### ACTIVITY
An exact copy of the data is required, with no pictures in it.

### AVAILABLE DATA
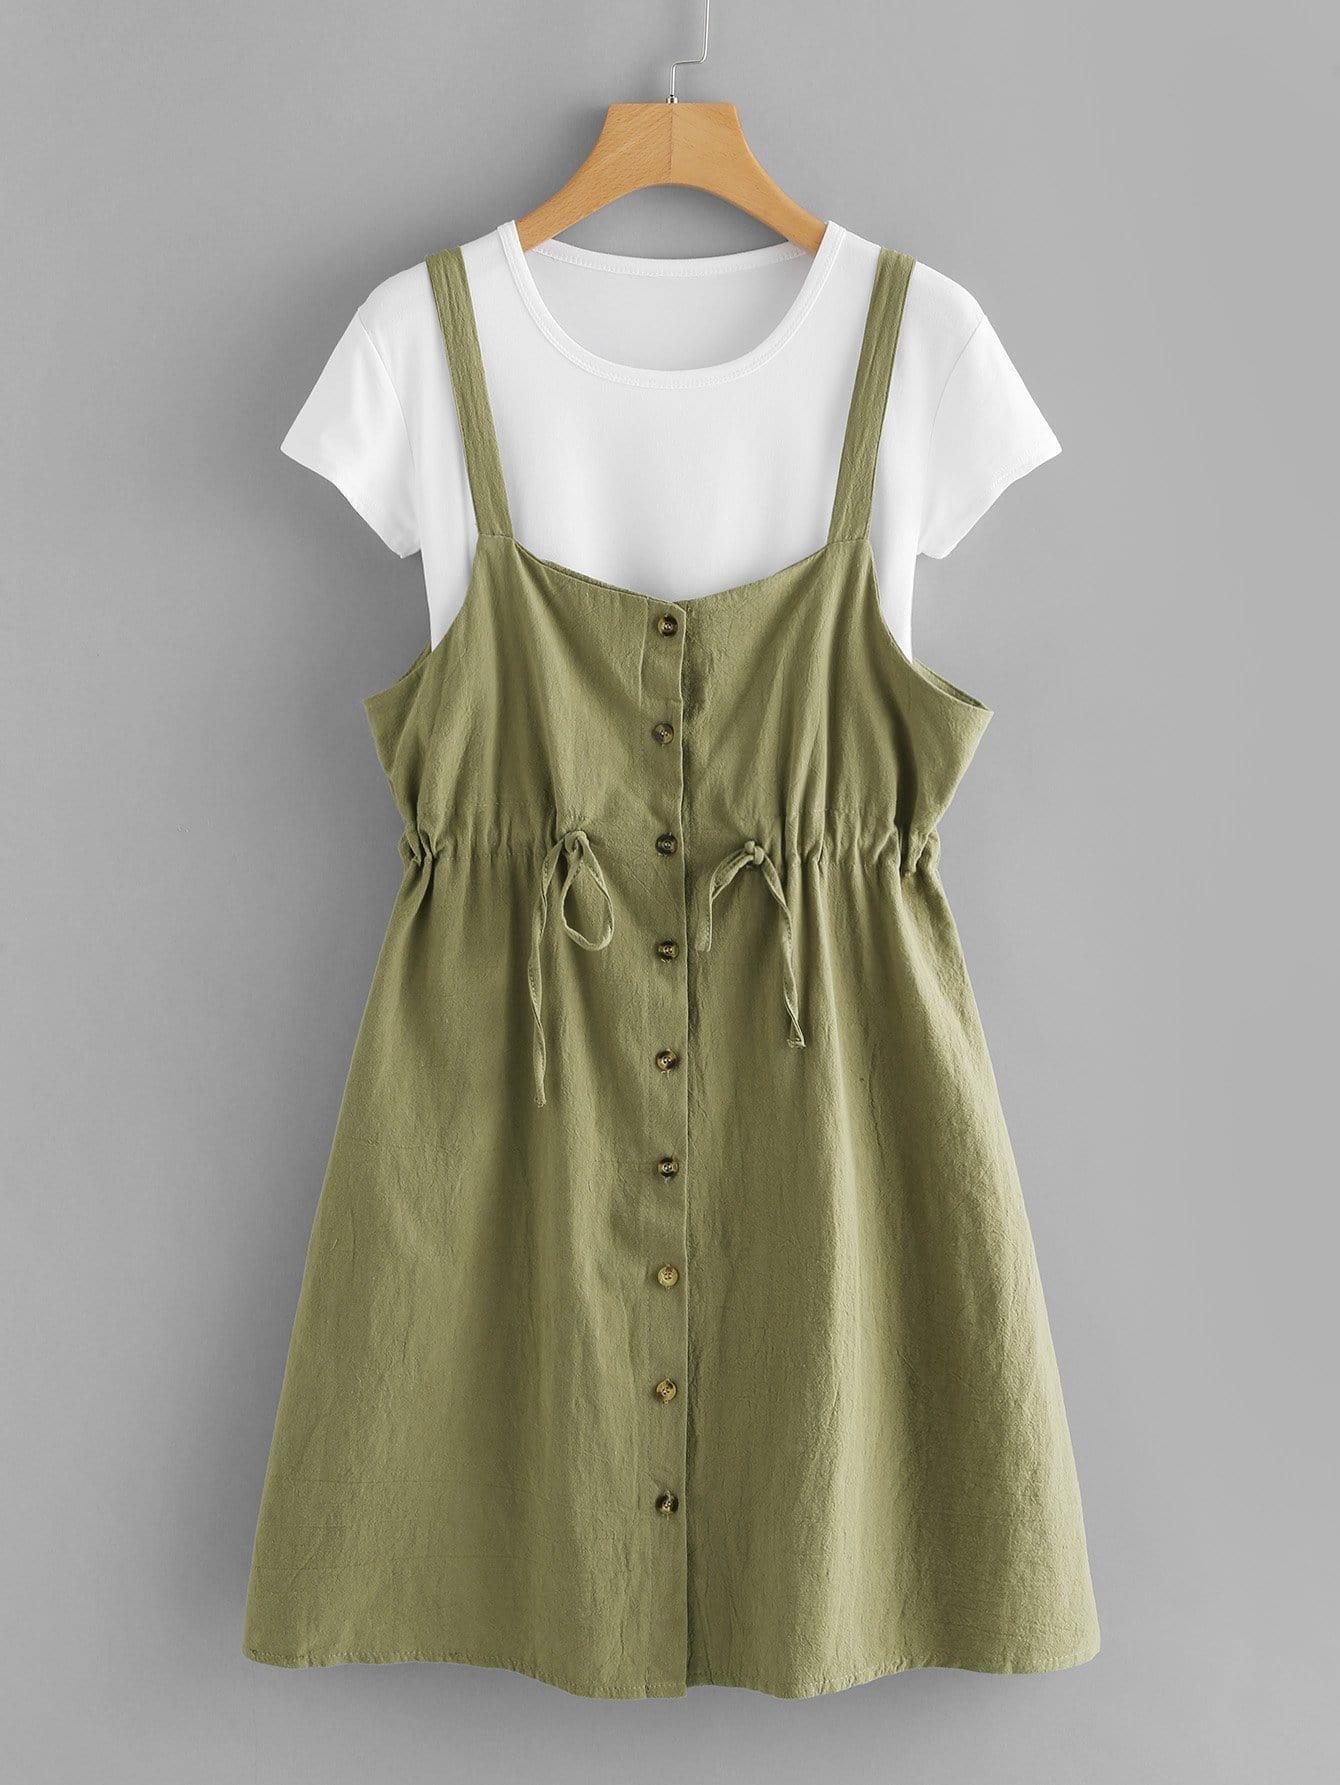 Drawstring Waist Button Front Strap Dress & Tee button front strap dress
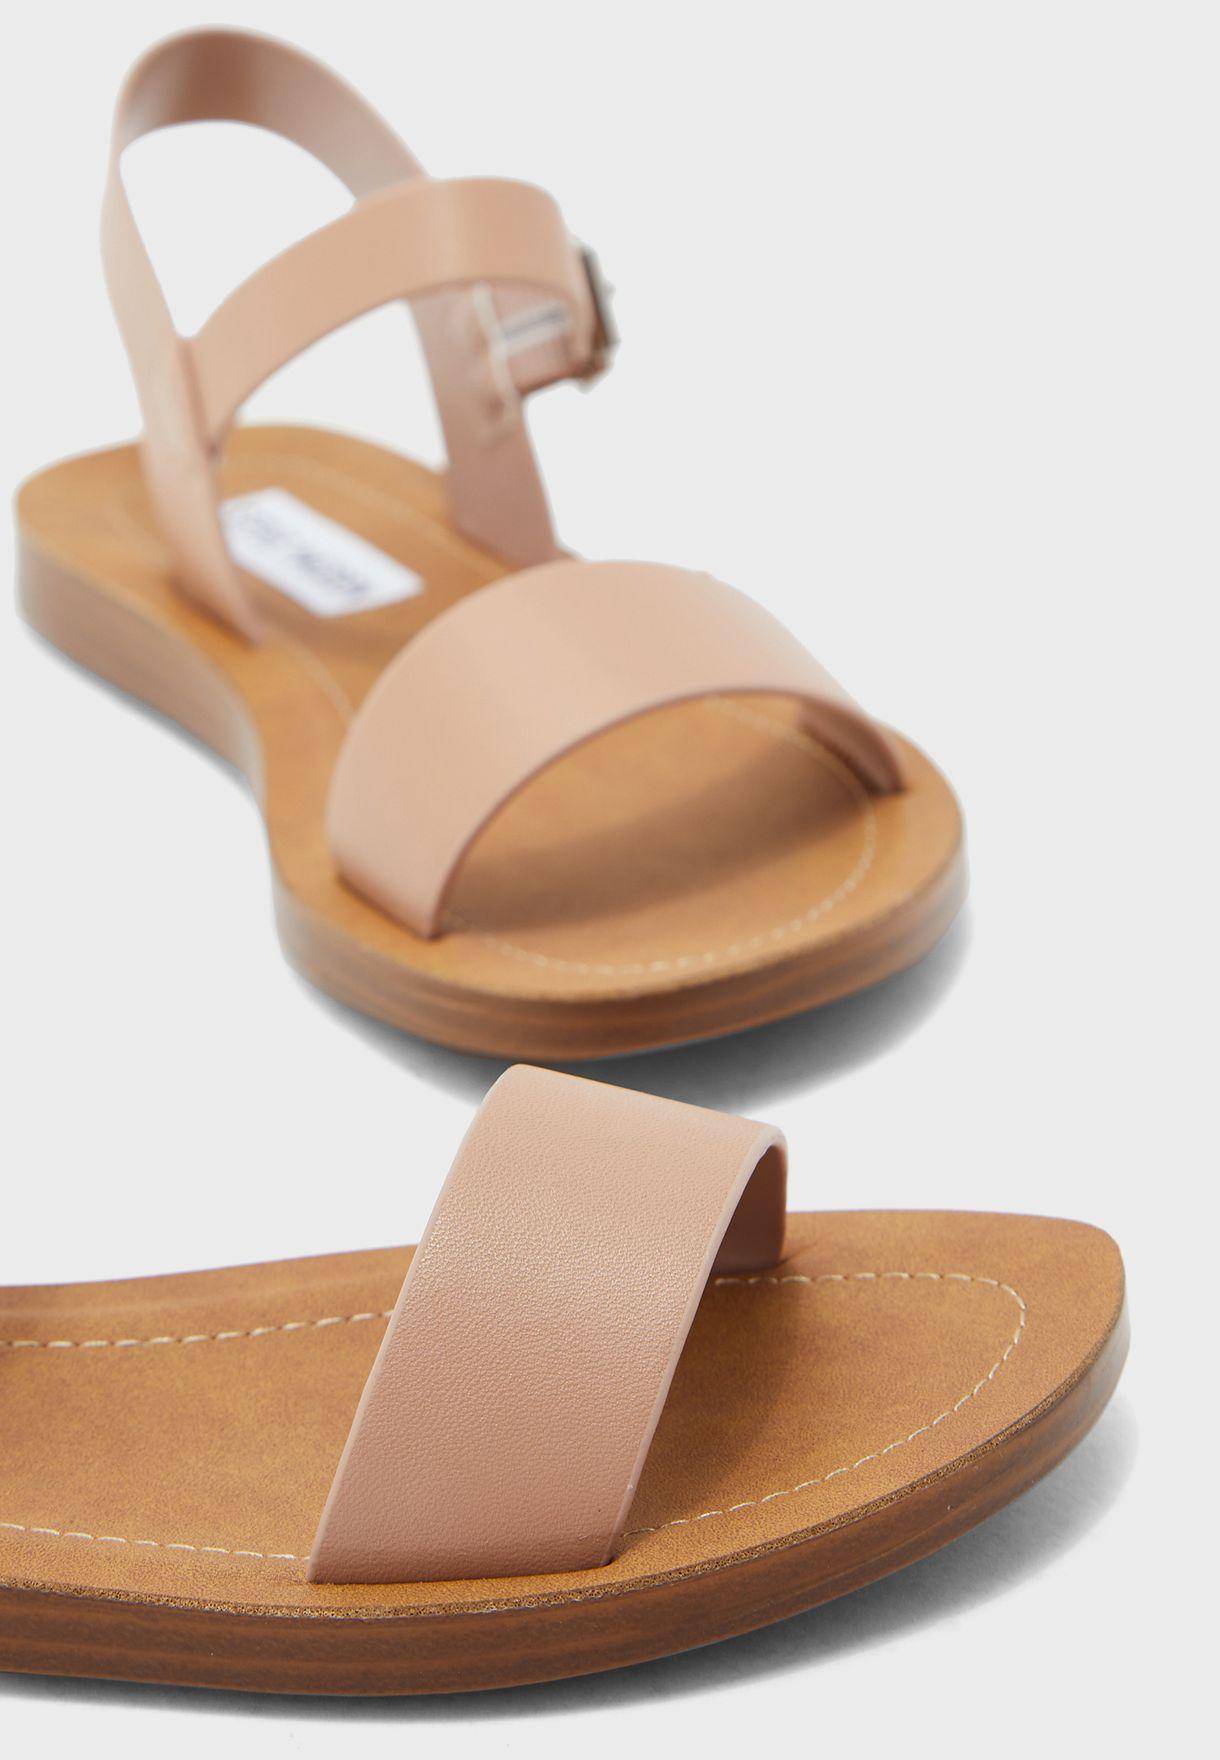 League Flat Sandal
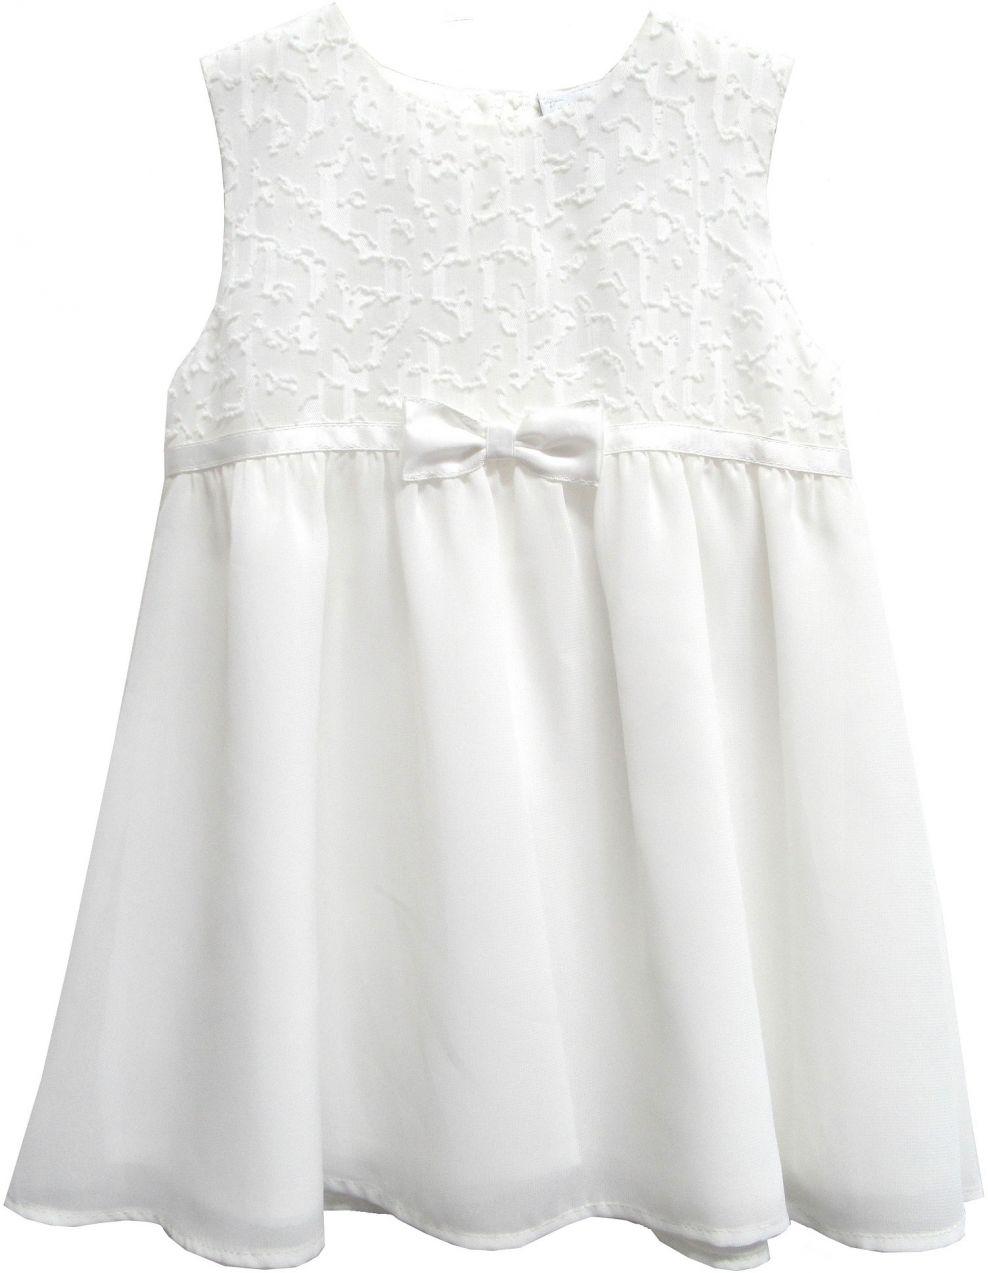 5ef4e546cc66 Topo Dievčenské šaty - biele značky Topo - Lovely.sk

### REPLY TO THE TASK
 Drawstring Waist Button Front Strap Dress & Tee button front strap dress
 League Flat Sandal
 5ef4e546cc66 Topo Dievčenské šaty - biele značky Topo - Lovely.sk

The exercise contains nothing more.